Population (2024-12-31)
- • Total: 9,149
- • Density: 330/km^{2} (840/sq mi)
- Time zone: UTC+01:00 (CET)
- • Summer (DST): UTC+02:00 (CEST)
- Postal codes: 85609
- Dialling codes: 089
- Vehicle registration: M
- Website: www.aschheim.de

= Aschheim =

Aschheim (/de/) is a small town and municipality in the district of Munich in Bavaria in Germany. It lies beyond the northeastern outskirts of Munich.

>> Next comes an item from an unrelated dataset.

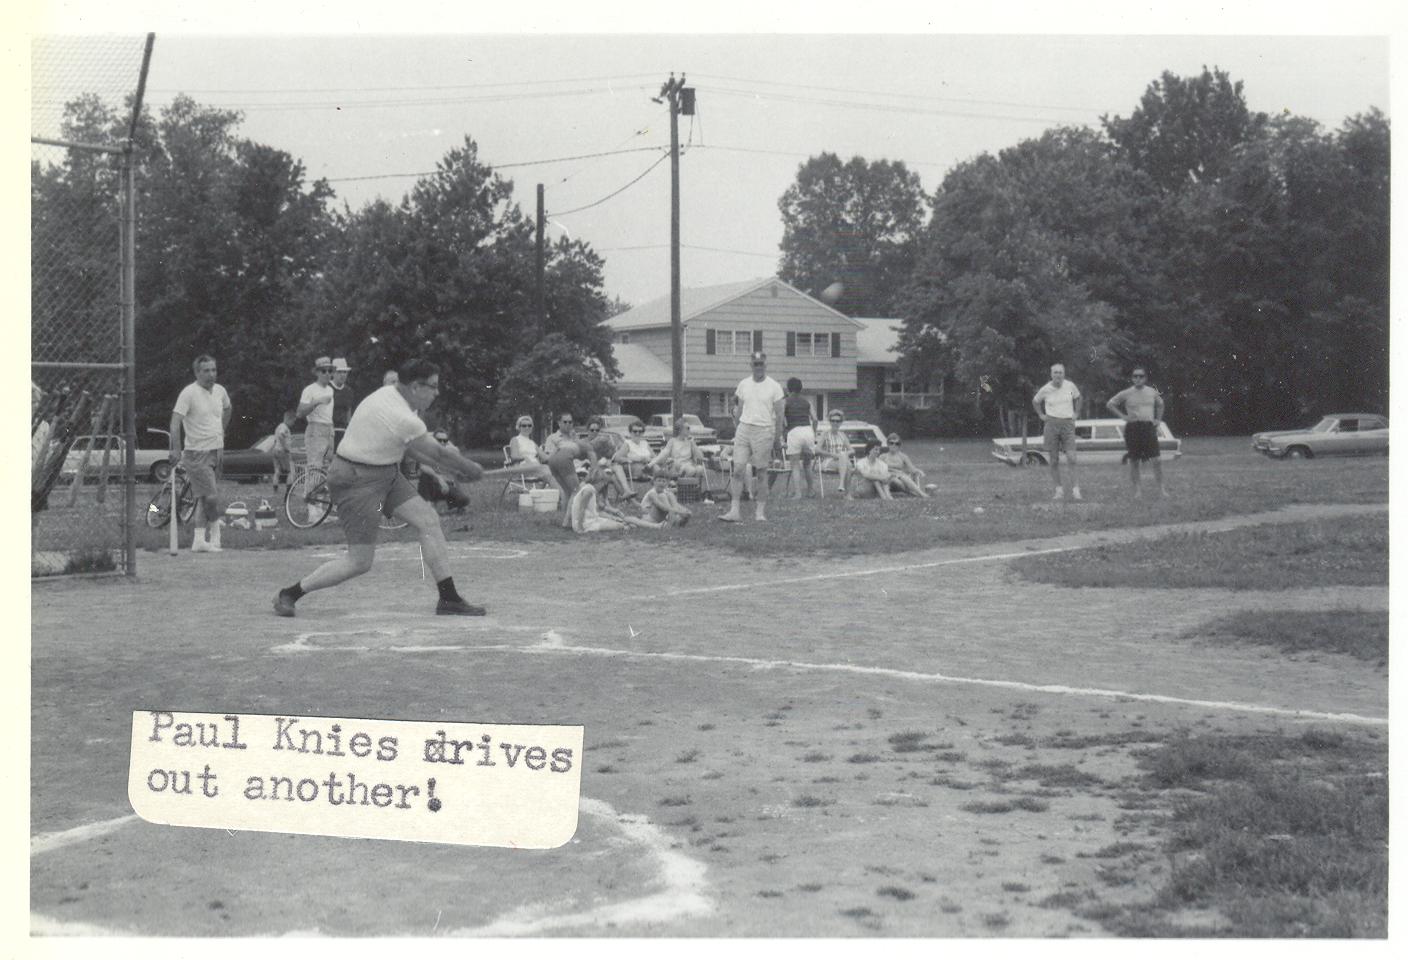 1967-The Father-Son Baseball Game! | The Roslyn Road Salem Ridge Gang!

Aschheim is the location of BMW's test track opened by the manufacturer in 1972, and also has a golf club, established in 1990.

==History==
The name "Aschheim" was first mentioned in 756/757 as "ascheim". In the course of the administrative reforms in Bavaria between 1808 and 1818, Aschheim and Dornach became independent political communities. Aschheim Central School was completed in 1813, and a larger building was built in 1905. In 1835, the Bavarian king granted Aschheim as a fiefdom for the last time.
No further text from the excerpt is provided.